─── DATA SECTION
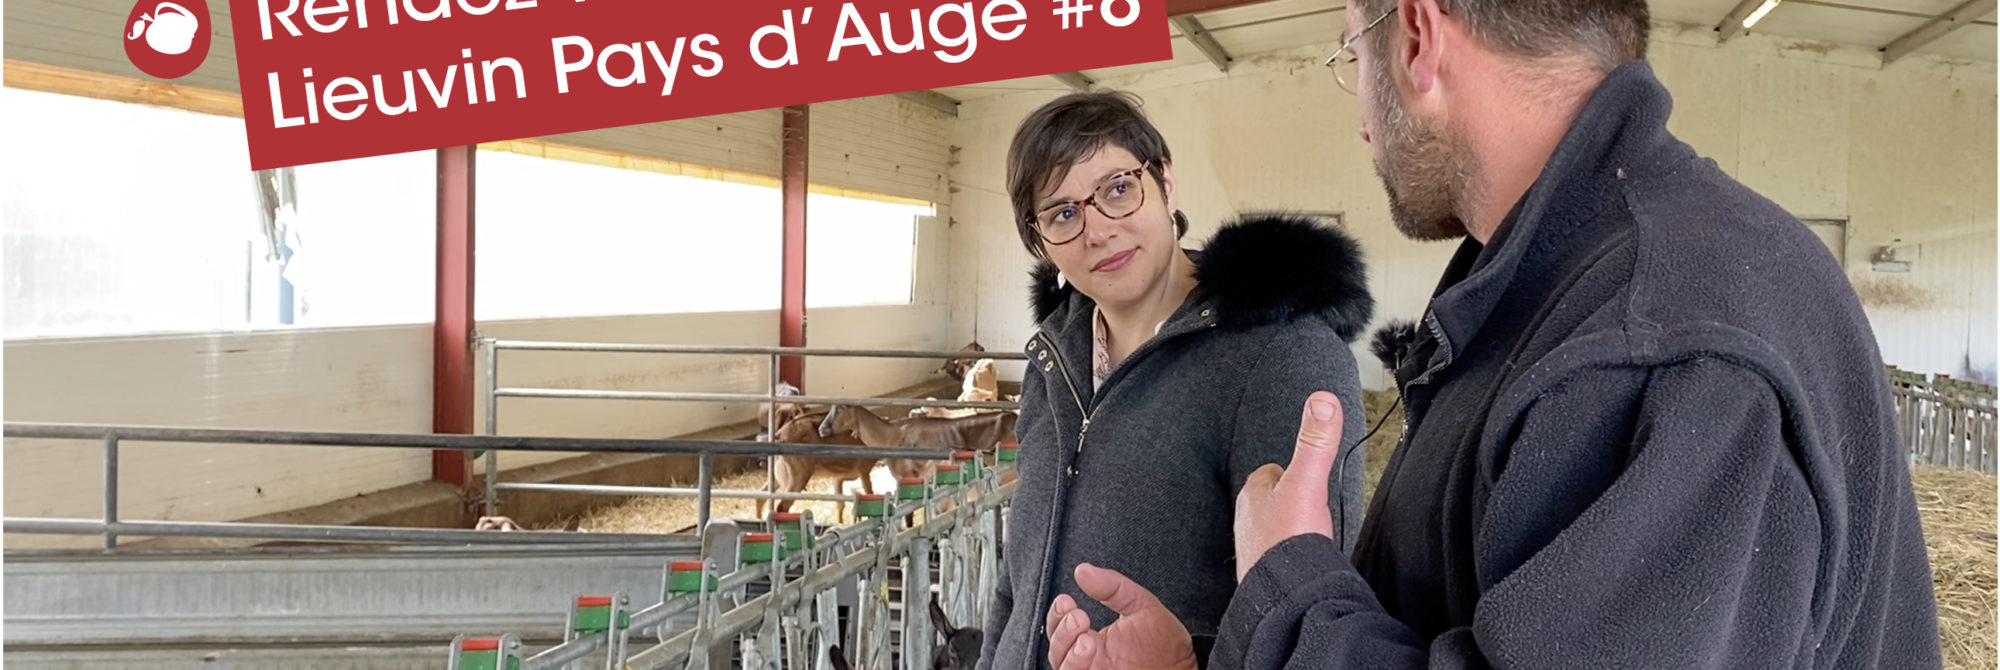 Rendez-vous en Lieuvin Pays d'Auge #8 : Découverte de la Chèvrerie du Mesnil à Fort-Moville
 1
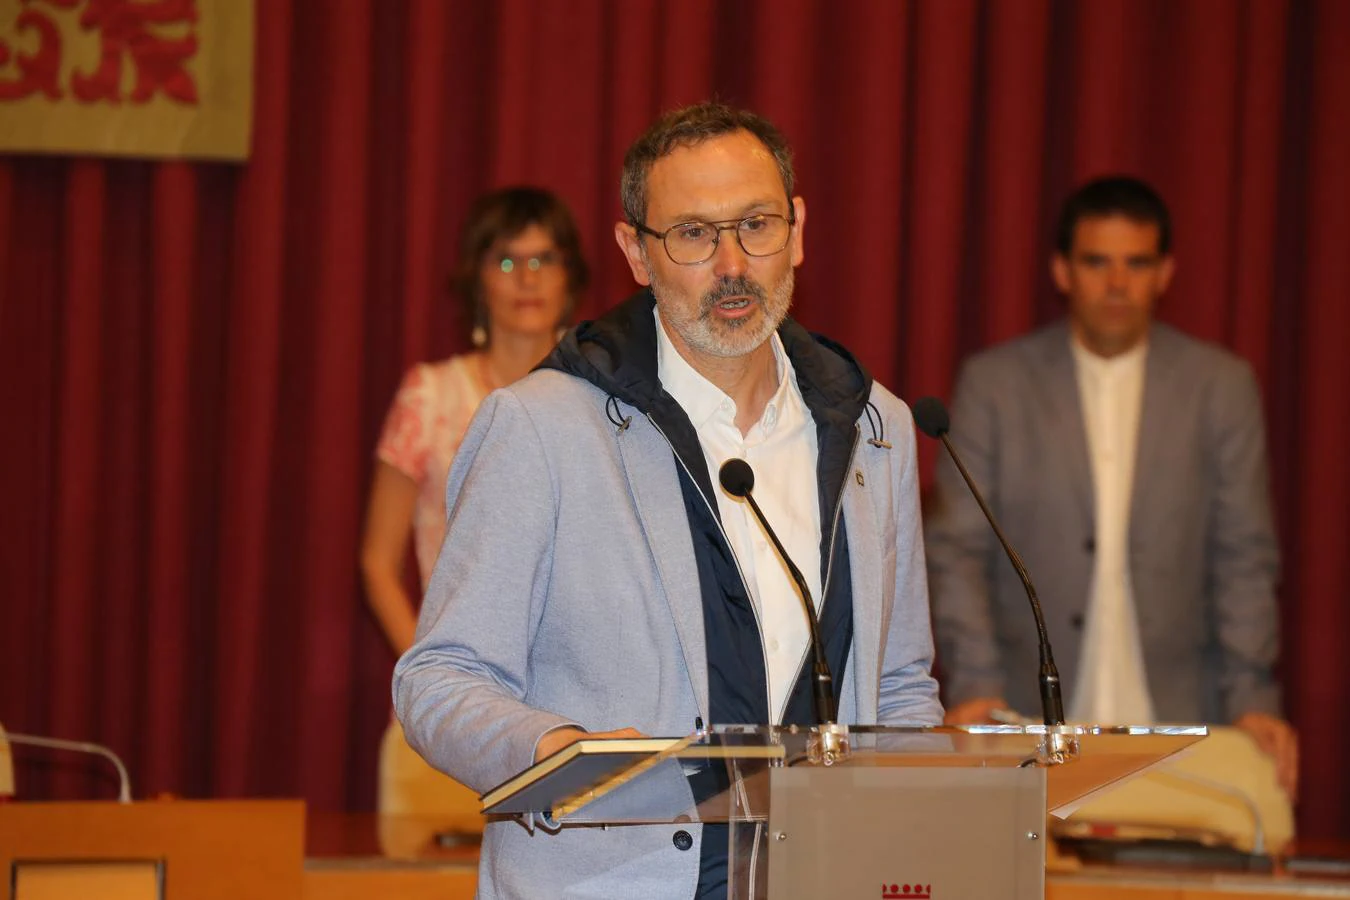 Fotos: Hermoso de Mendoza, nuevo alcalde de Logroño: el acto (1 de 3)
──────
GOAL OF THE EXERCISE >> Reproduce the material above exactly but drop all images.

YOUR RESPONSE >>
 Rendez-vous en Lieuvin Pays d'Auge #8 : Découverte de la Chèvrerie du Mesnil à Fort-Moville
 1
 Fotos: Hermoso de Mendoza, nuevo alcalde de Logroño: el acto (1 de 3)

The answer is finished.